Dataflow engine acceleration of Locality Sensitive Hashing(LSH)
Locality Sensitive Hashing(LSH) is a useful technique in nearest neighbor search, high dimension data indexing and so on. It requires a large amount of calculation with no dependencies with each other. So, this project tries to make use of the character of Maxeler Dataflow Engine to accelerate this hashing procedure.
- APP directory consists of the CPU version and dataflow version of LSH, it also includes some tests to compare the performance and make sure of the accuracy. See APP/README.md for details about compiling and running the code.
- ORIG directory consists of the original CPU version of LSH, you can use code in this directory to get familiar with LSH. See ORIG/README.md for details about compiling and running the code.
- DOC directory consists of a brief description of LSH method, and the hashing function we use. It also includes some analysis about the performance.

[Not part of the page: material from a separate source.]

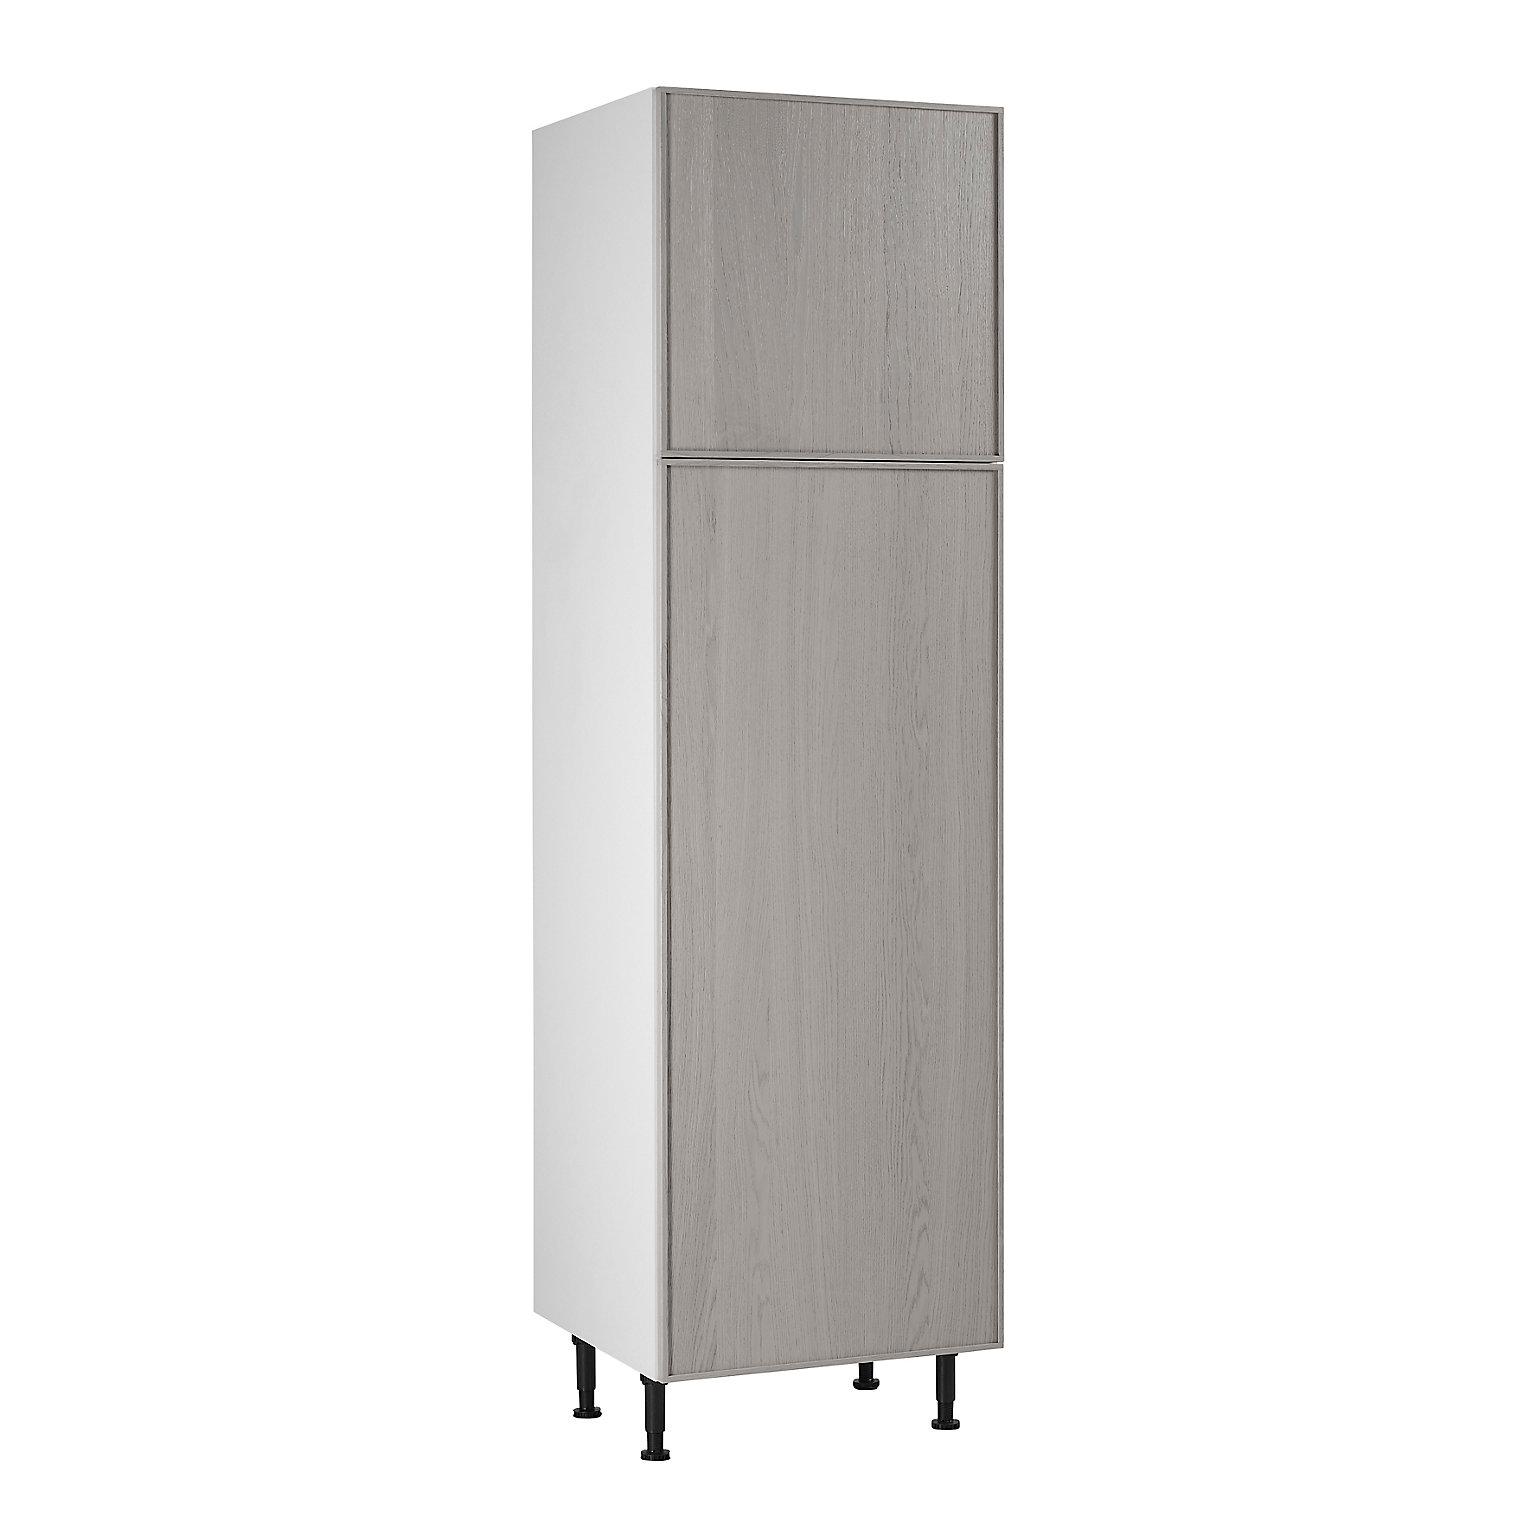 Meuble de cuisine Kontour gris façades 12 portes + caisson colonne L. 12 cm

LSH is completely a stream based algorithm with no dependencies, and can be accelerated well using dataflow engine.
We can get tens of times of acceleration when the dataset is very large, and the resource use is not very large(less than 20% of the total resource for the LSHKernel in APP directory), so the performance can be better if we duplicate kernels in one FPGA.
In this project, we only implement p-stable LSH function in LSHKernel.maxj, you can also implement other hash functions such as random hyperplane, bit sampling or TLSH.
The current hashing result is represented by 128bits for any output dimensions. But if the output dimension is very high or hash value is very large, it may cause an overflow and lead to collisions. You can either increase number of bits, or let the length of hashing result to increase with output dimension.